My Ilex crenata ‘Hetzii,’ or box-leaved Japanese holly, began life as two cuttings snipped more than 35 years ago from plants flanking the front door of my friend Dolly’s then-new house. I rooted them, grew them on, and eventually sited them where they grow today. I shape them a couple of times a year, one time of which results in plentiful clippings for holiday wreathmaking and decorating.
This cultivar of Japanese holly, often mistaken for boxwood, is female and produces black fruits. Its hardiness rating is to zone 6. The growth habit is rangy and somewhat spreading; pruning helps produce and retain the desirable denser plant form. Left unpruned, these plants can attain a height of 10 feet.
In another situation, Hetz’s Japanese holly might be grown as a dense privacy hedge, or a wildlife-supporting one. When I prune, I almost always find hidden birds’ nests just feet away from human comings and goings. The plants as a rule like humus-rich, moisture-retentive, acidic soil. Most plants of this nature appreciate a layer of mulch to conserve moisture during dry summers.
An unwelcome yellowish color may pervade the otherwise very glossy, handsome foliage. It can be corrected by topdressing with organic soil food or cottonseed meal, and siting in part sun/part shade. A couple of winters out of 10, deer may browse them (may have something to do with their not being pruned tightly enough?), but regrowth is quick.
Leucothoe fontanesiana, according to Michael Dirr, is one of the finest broad-leaved evergreens for naturalizing, and grows luxuriantly in the Island’s shaded gardens. It is a native North American plant. The gracefully drooping fronds create banks of greenery that make attractive work of knitting together taller trees and shrubs, or rounding out foundation plantings and beds.

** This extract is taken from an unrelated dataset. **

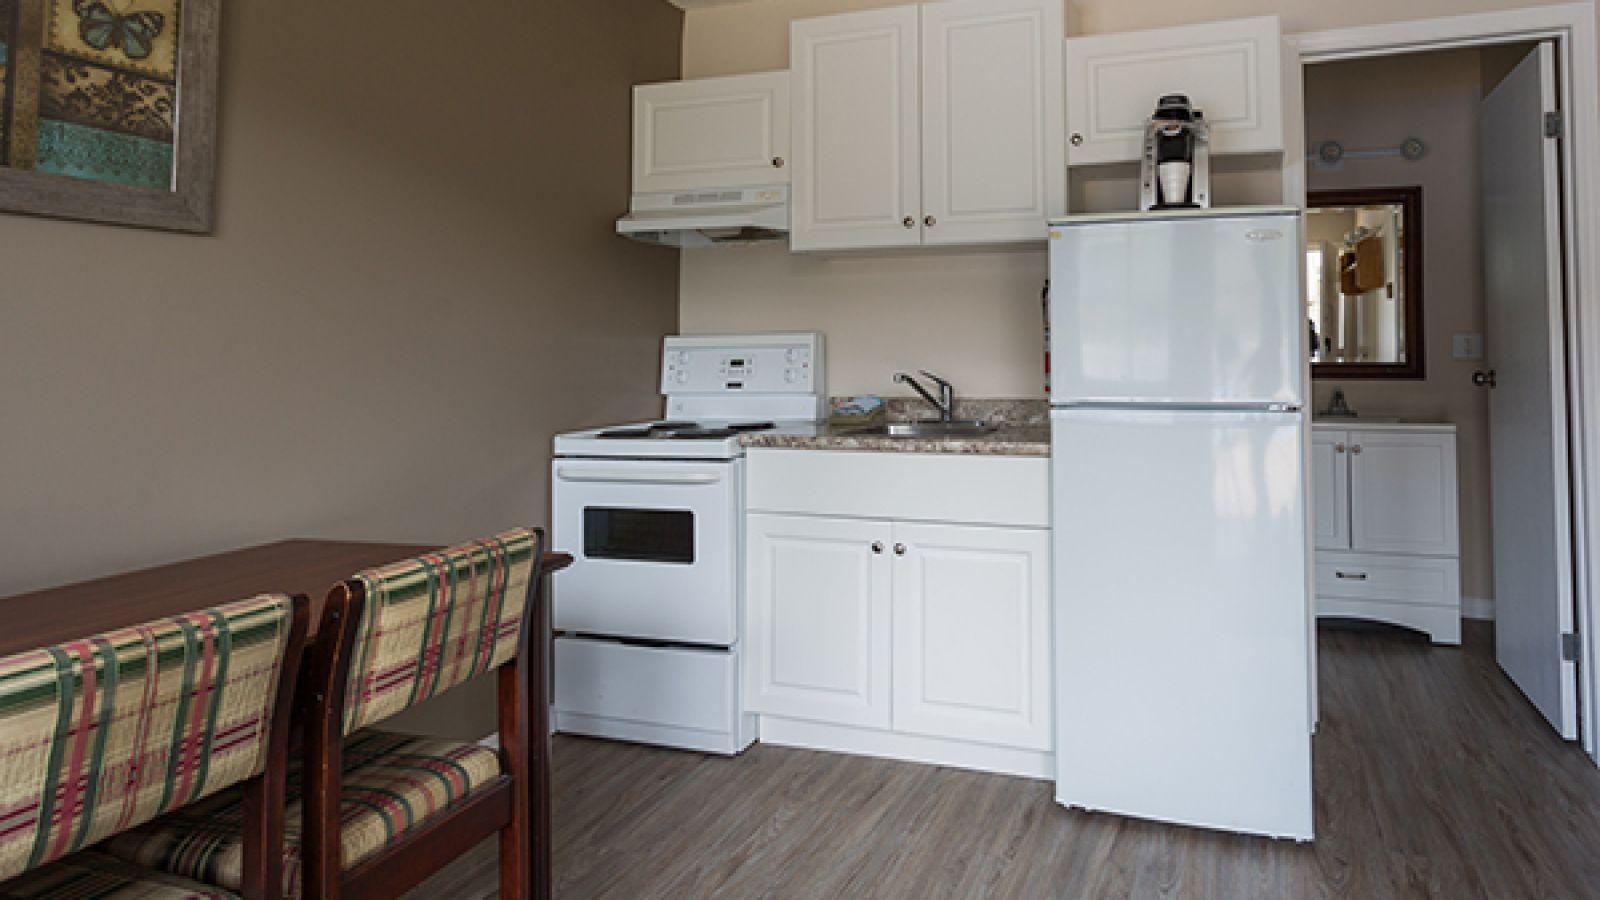 Kitchenette suites & apartments available.

Give leucothoe, also sometimes called dog-hobble, semishaded locations, humus-rich soil with good moisture, and protection from drying winds, and it will fend for itself. All that is needed is occasional rejuvenation of canes after the white flowers, reminiscent of blueberries or pieris, have faded; they may be selectively cut to the ground.
Layering and division easily propagate Leucothoe, and it makes a good bank holder. Several species and cultivars exist, including L. fontanesiana ‘Scarletta;’ L. f. ‘Girard’s Rainbow,’ a form with mottled foliage; L. f. ‘Compacta’; L. axillaris; and L. a. ‘Tricolor,’ also with mottled foliage. Deer seldom browse leucothoe.
Skimmia japonica is a handsome broad-leaved evergreen with separate male and female plants. Although the foliage of both is similar — leathery, deep green elliptical leaves — the female plants carry showy red berry clusters, while the male plants’ decorative value is in the winter-developing trusses of pinkish-red flowers.
Like the other two broad-leaved evergreens discussed here, skimmia is seldom bothered by deer. In fact, it is seldom bothered by anything, which makes it a great choice for the low-maintenance shade garden. The plants are very neat and tidy-looking, essentially muffin-shaped evergreen mounds.
Skimmias may be pruned back when they become over-tall and open. As with the Ilex crenata ‘Hetzii,’ a yellowish-green coloration of the foliage may occur in sites with too much sun. Top-dressing with manure or organic soil food for acid-loving plants should help to take care of that.
Whether as foundation plantings or as backdrop in the wider garden landscape, associating well with azaleas, rhododendron, and enkianthus, Japanese holly, skimmia, and leucothoe are valuable additions to the garden at any time. Now, with dreary March upon us, their greenery is especially welcome.